Count of tokens in test set
 No. of words:  19674 
No. of labels:  19674


In [106]:
def convert_to_sentences(dataset):
    sent_list = []
    sent = ""
    for entity in dataset:
        if entity != '\n':
            sent = sent + entity[:-1] + " "
        else:
            sent_list.append(sent[:-1])
            sent = ""
    return sent_list

In [107]:
train_sentences = convert_to_sentences(train_words)
train_labels = convert_to_sentences(train_labels_by_word)
test_sentences = convert_to_sentences(test_words)
test_labels = convert_to_sentences(test_labels_by_word)

In [108]:
print("First five training sentences and their labels:\n")
for i in range(5):
    print(train_sentences[i],"\n",train_labels[i],"\n")

First five training sentences and their labels:

All live births > or = 23 weeks at the University of Vermont in 1995 ( n = 2395 ) were retrospectively analyzed for delivery route , indication for cesarean , gestational age , parity , and practice group ( to reflect risk status ) 
 O O O O O O O O O O O O O O O O O O O O O O O O O O O O O O O O O O O O O O O O O O O O O 

The total cesarean rate was 14.4 % ( 344 of 2395 ) , and the primary rate was 11.4 % ( 244 of 2144 ) 
 O O O O O O O O O O O O O O O O O O O O O O O O O 

Abnormal presentation was the most common indication ( 25.6 % , 88 of 344 ) 
 O O O O O O O O O O O O O O O 

The `` corrected '' cesarean rate ( maternal-fetal medicine and transported patients excluded ) was 12.4 % ( 273 of 2194 ) , and the `` corrected '' primary rate was 9.6 % ( 190 of 1975 ) 
 O O O O O O O O O O O O O O O O O O O O O O O O O O O O O O O O O O O O O O 

Arrest of dilation was the most common indication in both `` corrected '' subgroups ( 23.4 a

In [109]:
print("First five test sentences and their labels:\n")
for i in range(5):
    print(test_sentences[i],"\n",test_labels[i],"\n")

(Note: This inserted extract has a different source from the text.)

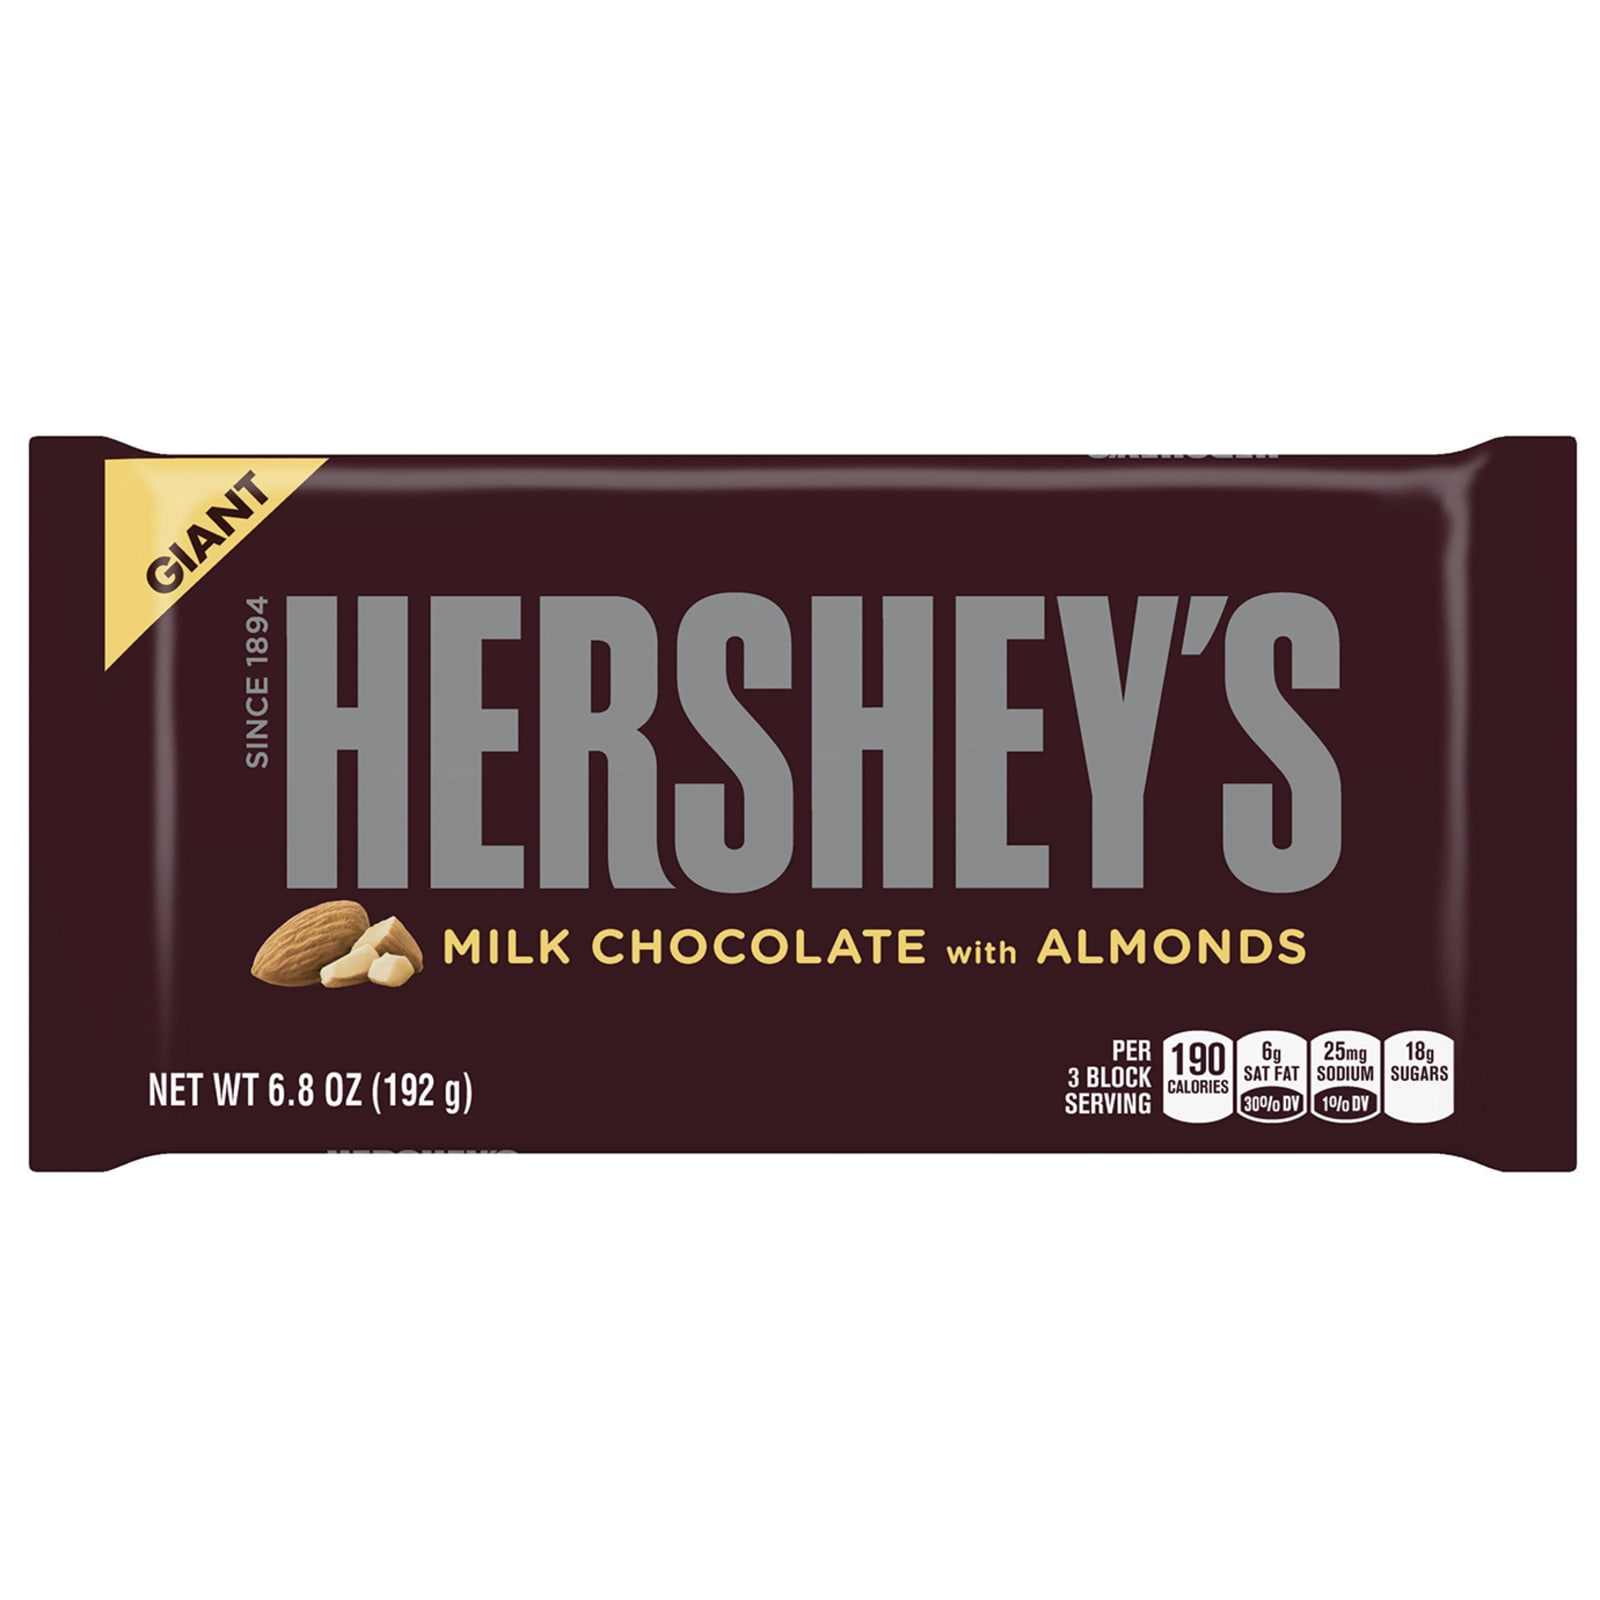 Hershey replaces milk solids with roasted grain flour for improved  dairy-free chocolate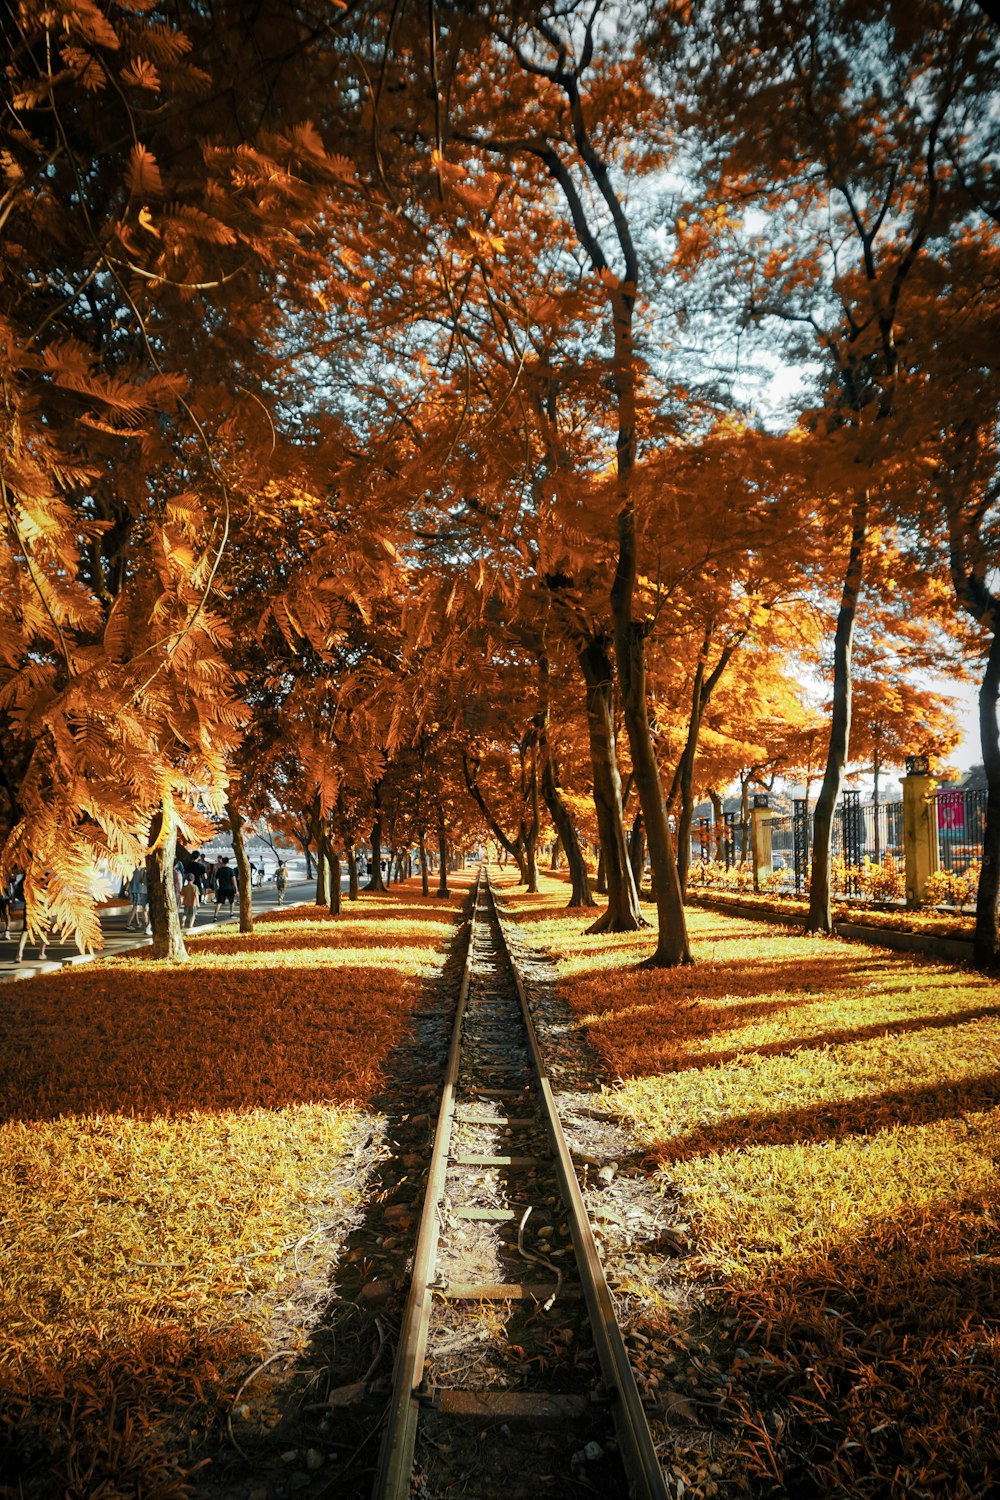 a train track running through a park filled with trees

First five test sentences and their labels:

Furthermore , when all deliveries were analyzed , regardless of risk status but limited to gestational age > or = 36 weeks , the rates did not change ( 12.6 % , 280 of 2214 ; primary 9.2 % , 183 of 1994 ) 
 O O O O O O O O O O O O O O O O O O O O O O O O O O O O O O O O O O O O O O O O O O O O 

As the ambient temperature increases , there is an increase in insensible fluid loss and the potential for dehydration 
 O O O O O O O O O O O O O O O O O O O 

The daily high temperature ranged from 71 to 104 degrees F and AFI values ranged from 1.7 to 24.7 cm during the study period 
 O O O O O O O O O O O O O O O O O O O O O O O O 

There was a significant correlation between the 2- , 3- , and 4-day mean temperature and AFI , with the 4-day mean being the most significant ( r = 0.31 , p & # 60 ; 0.001 ) 
 O O O O O O O O O O O O O O O O O O O O O O O O O O O O O O O O O O O O O O 

Fluctuations in ambient temperature are inversely correlated to ch

In [110]:
print("Number of sentences in the train dataset: {}".format(len(train_sentences)))


Number of sentences in the train dataset: 2599


In [111]:
print("Number of sentences in the test dataset: {}".format(len(test_sentences)))

Number of sentences in the test dataset: 1056


Concept Identification
We will first explore what are the various concepts present in the dataset. For this, we will use PoS Tagging.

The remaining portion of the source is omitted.